11. In 2013, as Deputy Solicitor General of Texas, you assisted on an amicus brief submitted by Texas in Shelby County v. Holder. The brief urged the Supreme Court to strike down section 5 of the Voting Rights Act, recounting Texas’ efforts to gain preclearance for a state voter identification law. (Brief of the State of Texas as Amicus Curiae in Support of Petitioner, Shelby County v. Holder, 570 U.S. 529 (2013), 2013 WL 355763.)
Can voter-identification laws impose a significant burden on voting? Can they suppress voter turnout?
Any law that regulates how voters vote can impose burdens. The question in each case is whether those regulations are lawful. On April 27, 2018, the Fifth Circuit upheld Texas’s voter-identification requirements. See Veasey v. Abbott, No. 17-40884 (5th Cir. Apr. 27, 2018). And the court noted that “Plaintiffs neither allude to nor adduce any proof that SB 5 has a discriminatory effect on indigent minority voters.” Slip op. at 16. That litigation is nevertheless ongoing, and I therefore cannot properly comment further on the evidence presented in it. See Code of Conduct for United States Judges, Canon 3(A)(6).

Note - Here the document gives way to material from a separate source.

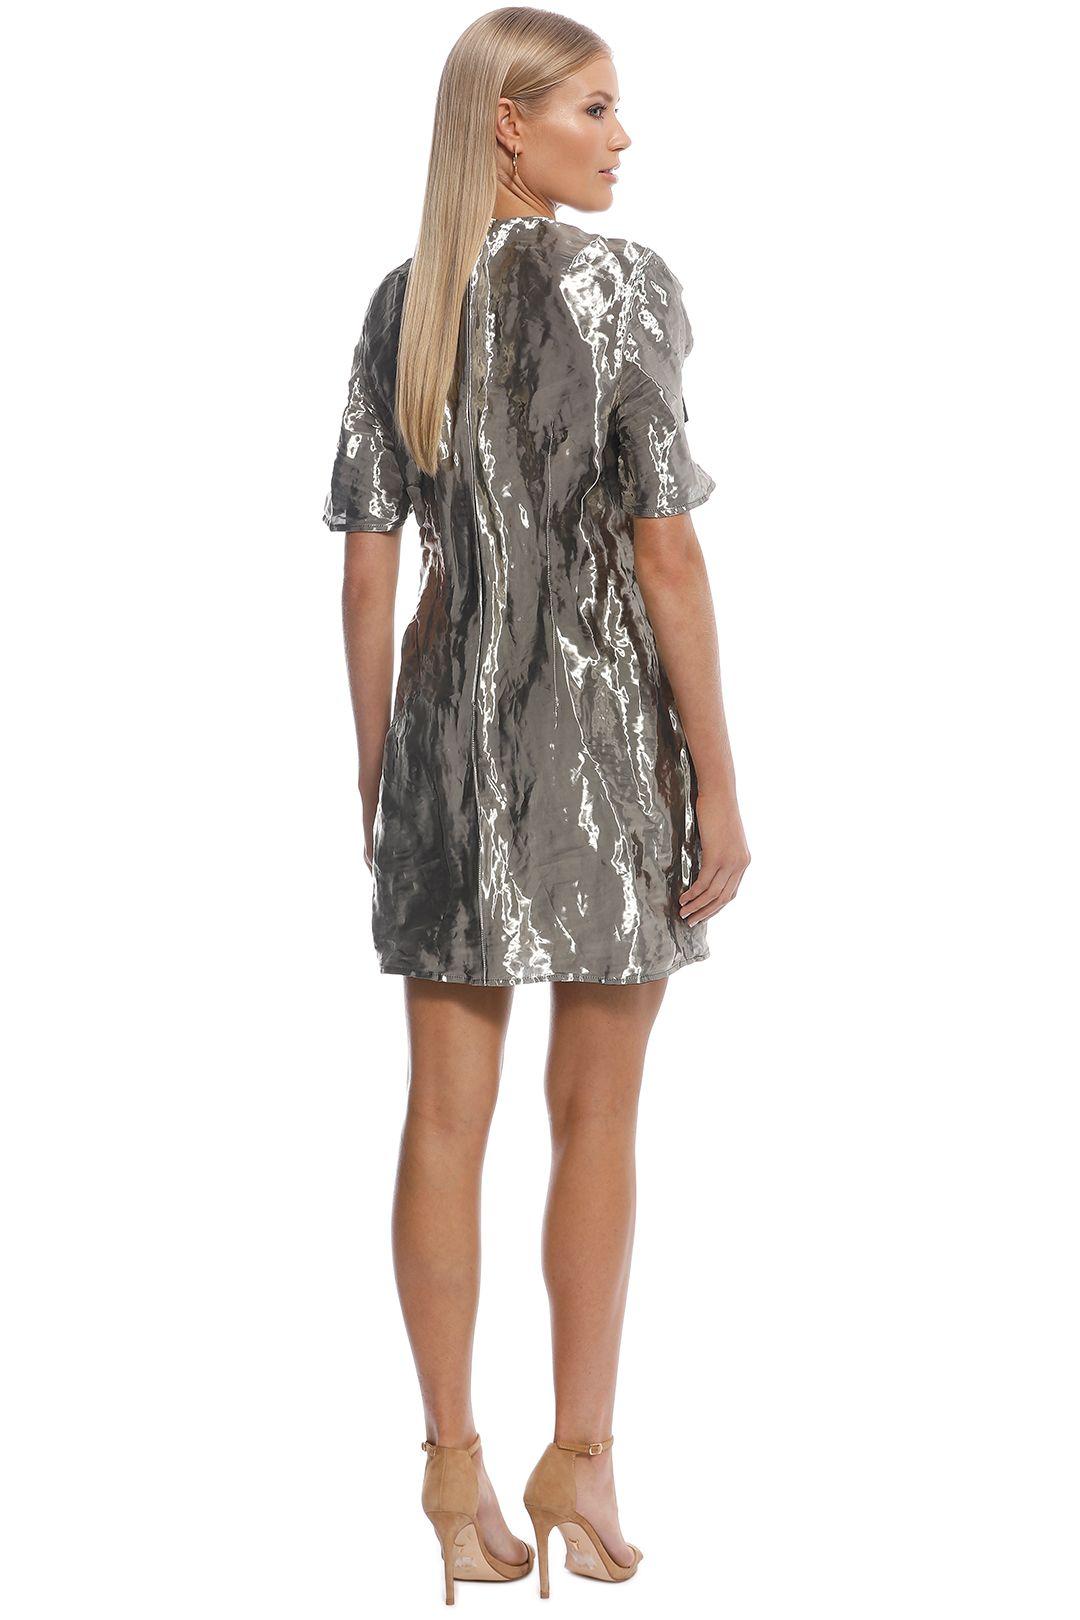 Ellery - Metal SS Mini Dress - Silver - Back

12. On February 22, 2018, when speaking to the Conservative Political Action Conference (CPAC), White House Counsel Don McGahn told the audience about the Administration’s interview process for judicial nominees. He said: “On the judicial piece … one of the things we interview on is their views on administrative law. And what you’re seeing is the President nominating a number of people who have some experience, if not expertise, in dealing with the government, particularly the regulatory apparatus. This is different than judicial selection in past years…”
a. Did anyone in this Administration, including at the White House or the Department of Justice, ever ask you about your views on any issue related to administrative law, including your “views on administrative law”? If so, by whom, what was asked, and what was your response?
As noted in Item 26(a) of my Senate Judiciary Questionnaire, I interviewed with officials from the White House and the Department of Justice more than a year ago, on March 17, 2017. I do not recall everything discussed in that interview. I do recall, however, discussing the nondelegation doctrine, which could be considered an issue related to administrative law. I noted that under the Supreme Court’s nondelegation doctrine, Congress must provide agencies an “intelligible principle” to guide administrative discretion. I noted that since 1935, the Supreme Court has rejected every nondelegation or intelligible principle challenge it has faced—most recently in Whitman v. American Trucking, 531 U.S. 457 (2001). As I testified in my hearing, Whitman is binding Supreme Court precedent. And if confirmed, I would apply it fully, faithfully, and fairly.
b. Since 2016, has anyone with or affiliated with the Federalist Society, the Heritage Foundation, or any other group, asked you about your views on any issue related to administrative law, including your “views on administrative law”? If so, by whom, what was asked, and what was your response?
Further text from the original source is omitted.